## EXERCISE
Would you return the data below exactly as it stands, with every picture left out?

## RAW DATA
--------------------------------------------------

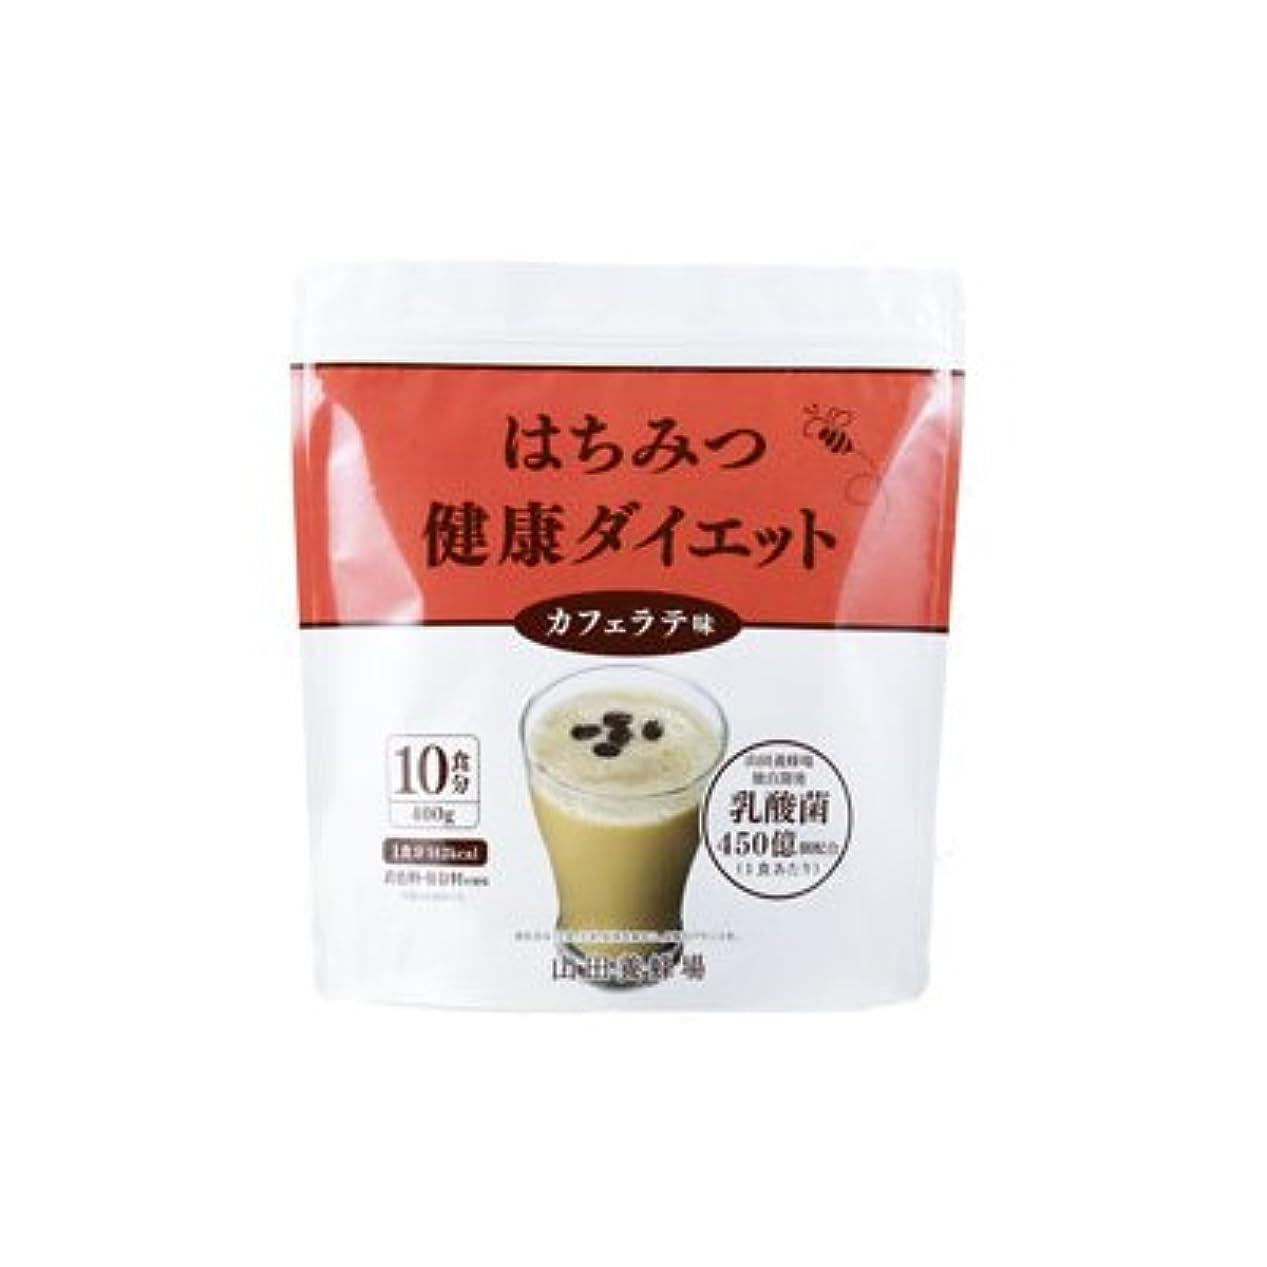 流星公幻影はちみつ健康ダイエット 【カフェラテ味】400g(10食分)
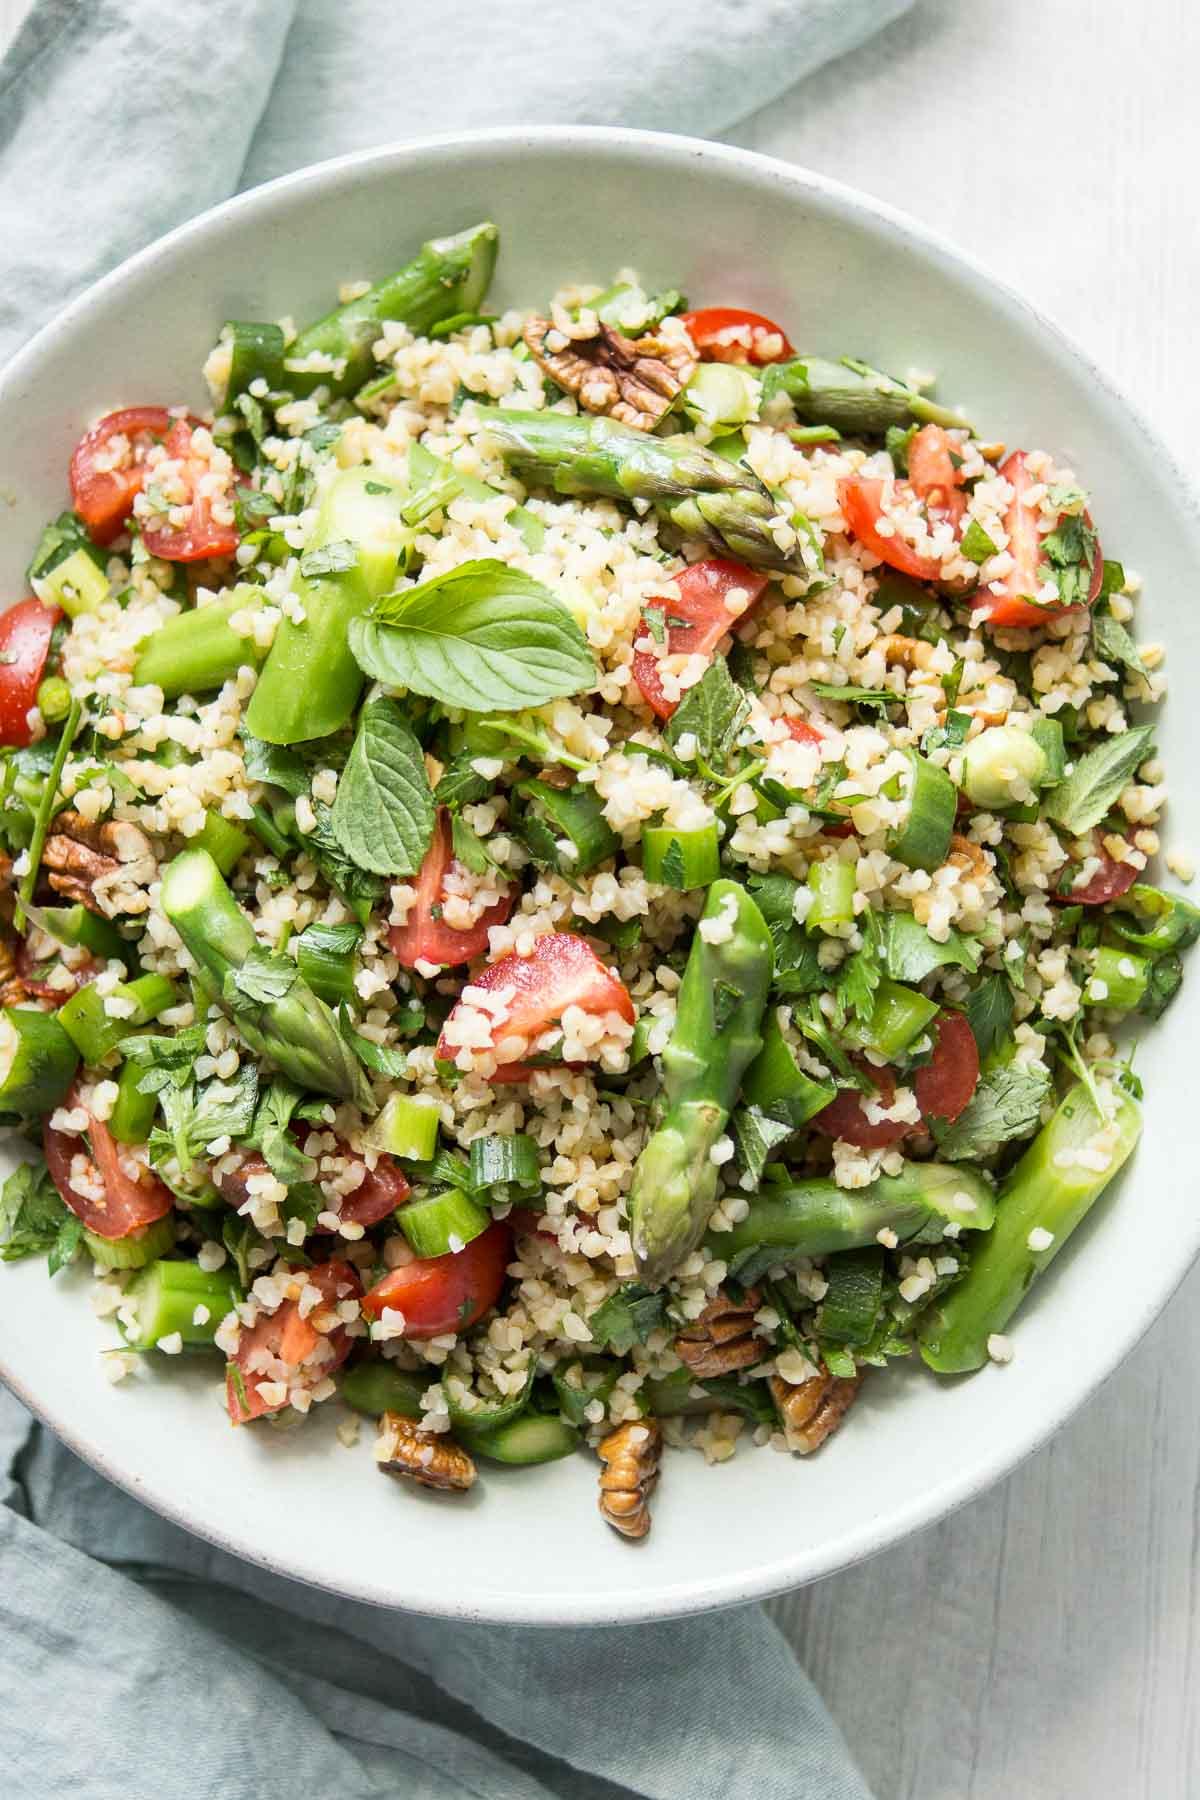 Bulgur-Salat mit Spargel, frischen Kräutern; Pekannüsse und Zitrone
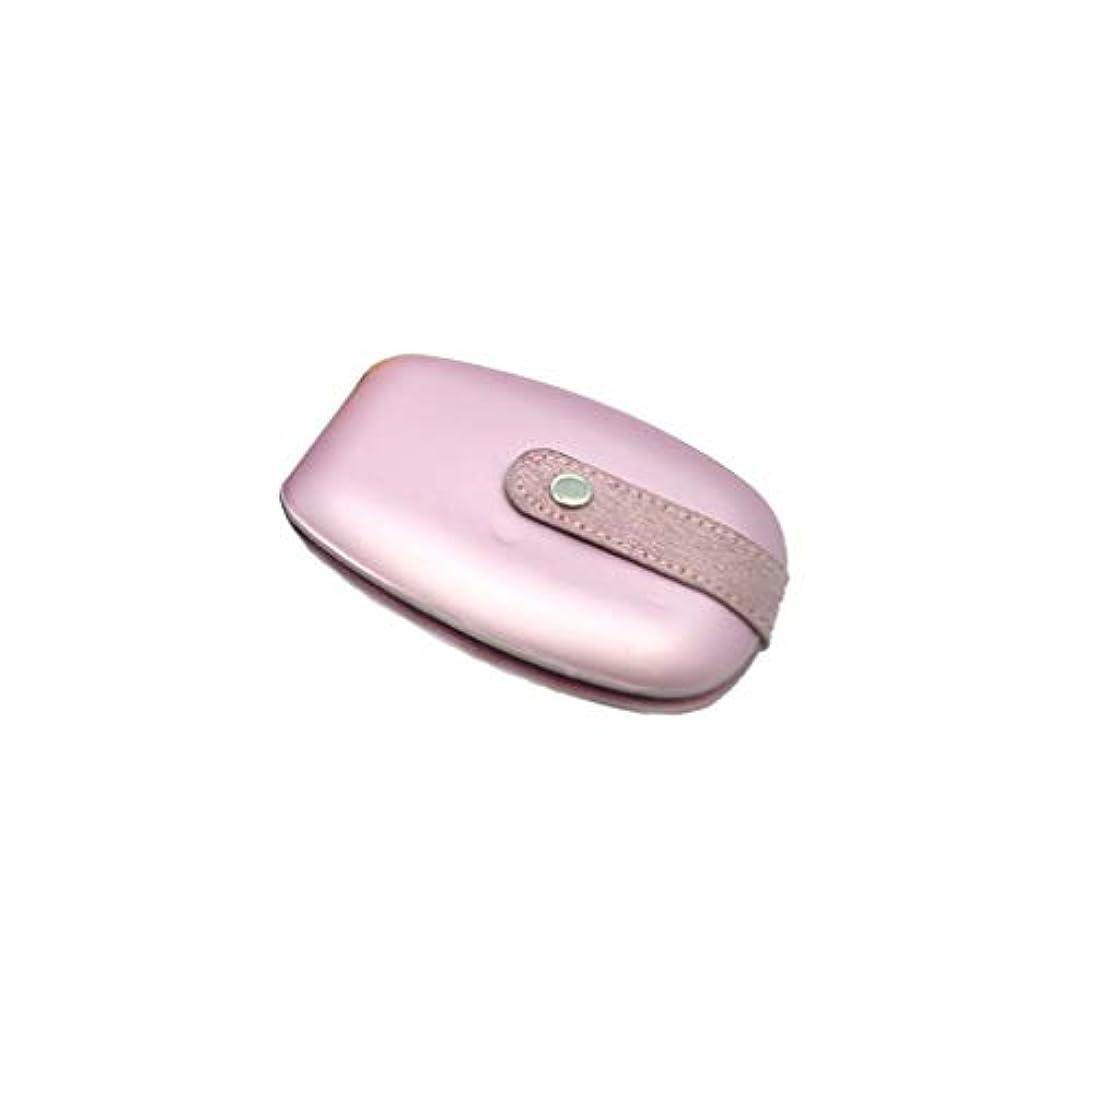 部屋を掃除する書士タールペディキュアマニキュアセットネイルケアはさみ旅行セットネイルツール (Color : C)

--------------------------------------------------

## ANSWER AREA
 流星公幻影はちみつ健康ダイエット 【カフェラテ味】400g(10食分)
 Bulgur-Salat mit Spargel, frischen Kräutern; Pekannüsse und Zitrone
 部屋を掃除する書士タールペディキュアマニキュアセットネイルケアはさみ旅行セットネイルツール (Color : C)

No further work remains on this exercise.